While most users are lamenting the loss of their favorite feature, some have noticed the considerable improvements that were rolled out with Wednesday's app update. Along with the disappearance of "Best Friends" came the appearance of "Discover," which Tech Crunch describes as "Snapchat's big new play in the world of media...a special tab in the app powered by content publishers like ESPN, Yahoo, etc., offering daily long-form content with videos, articles and, of course, advertisements." In keeping with the tradition of ephemerality that has come to define the Snapchat generation, news stories will only be available for 24 hours, and will be refreshed at the end of each day. So if you find a good article that you want to save for later, make sure you make a note of it somewhere else before it disappears.

Slowly but surely, Snapchat is becoming more of a serious social network with content that exceeds your awkward cat selfie, following in the footsteps of other tech giants like Facebook and Twitter. Snapchat not only now allows you to follow the news, but also to pay friends with "Snapcash," a feature first announced last November. Now, Snapchat is not only competing with the likes of Instagram and Facebook Messenger, but is also delving into the peer-to-peer payment system previously dominated by companies like Venmo.
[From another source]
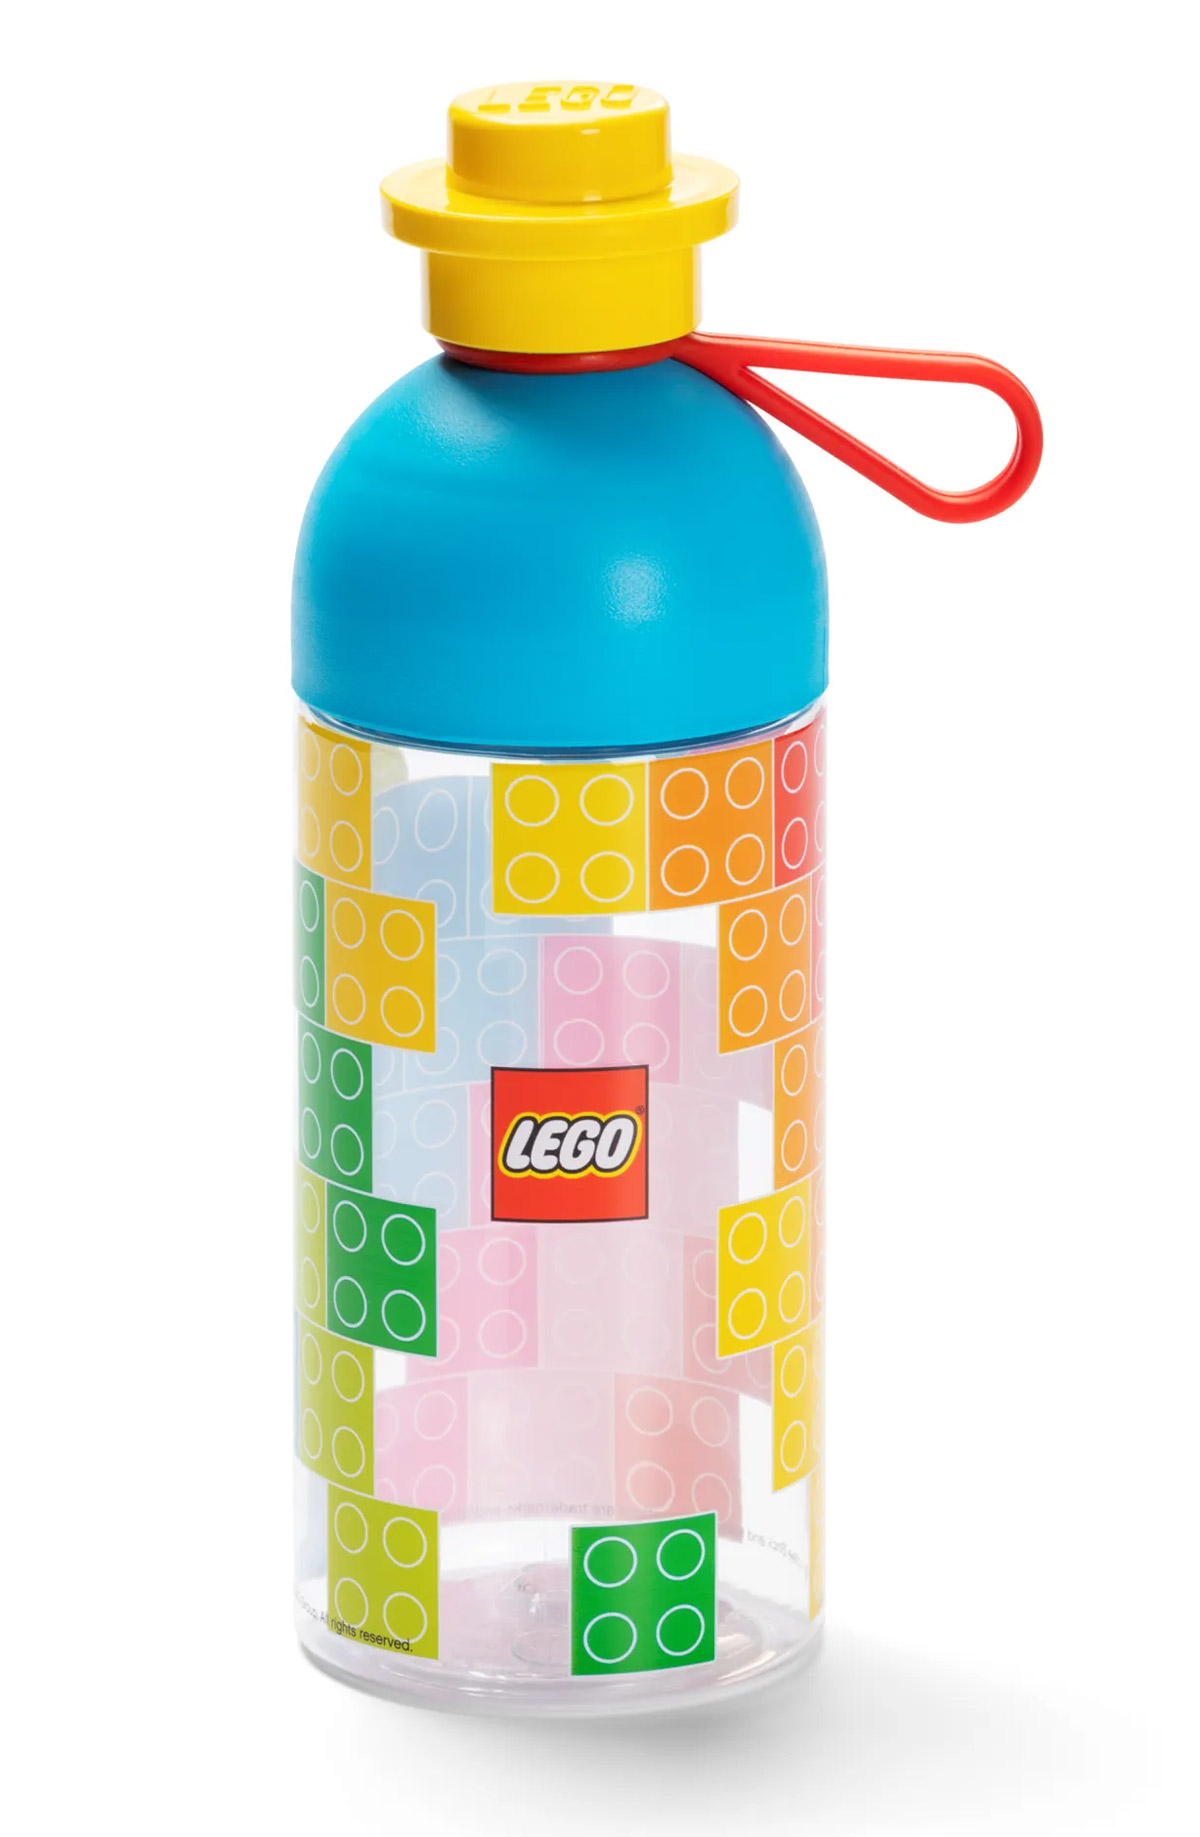 LEGO Objets divers 5007851 pas cher, Puzzle de 1 000 pièces Fleurs

This constant expansion certainly seems like a sure sign of Snapchat's evolution from beloved tween picture messaging system to a much more diversified, and (dare I say it?) useful app as a whole. 

So fret not, Snapchatters. While the "Best Friends" feature may be on a temporary hiatus, it seems as though its absence will make room for improvements across the board. But of course, if it still upsets you, just stomp your feet a couple more times, and Mr. Spiegel will be sure to address your concerns. After all, we're all "higher-profile friends" in his book.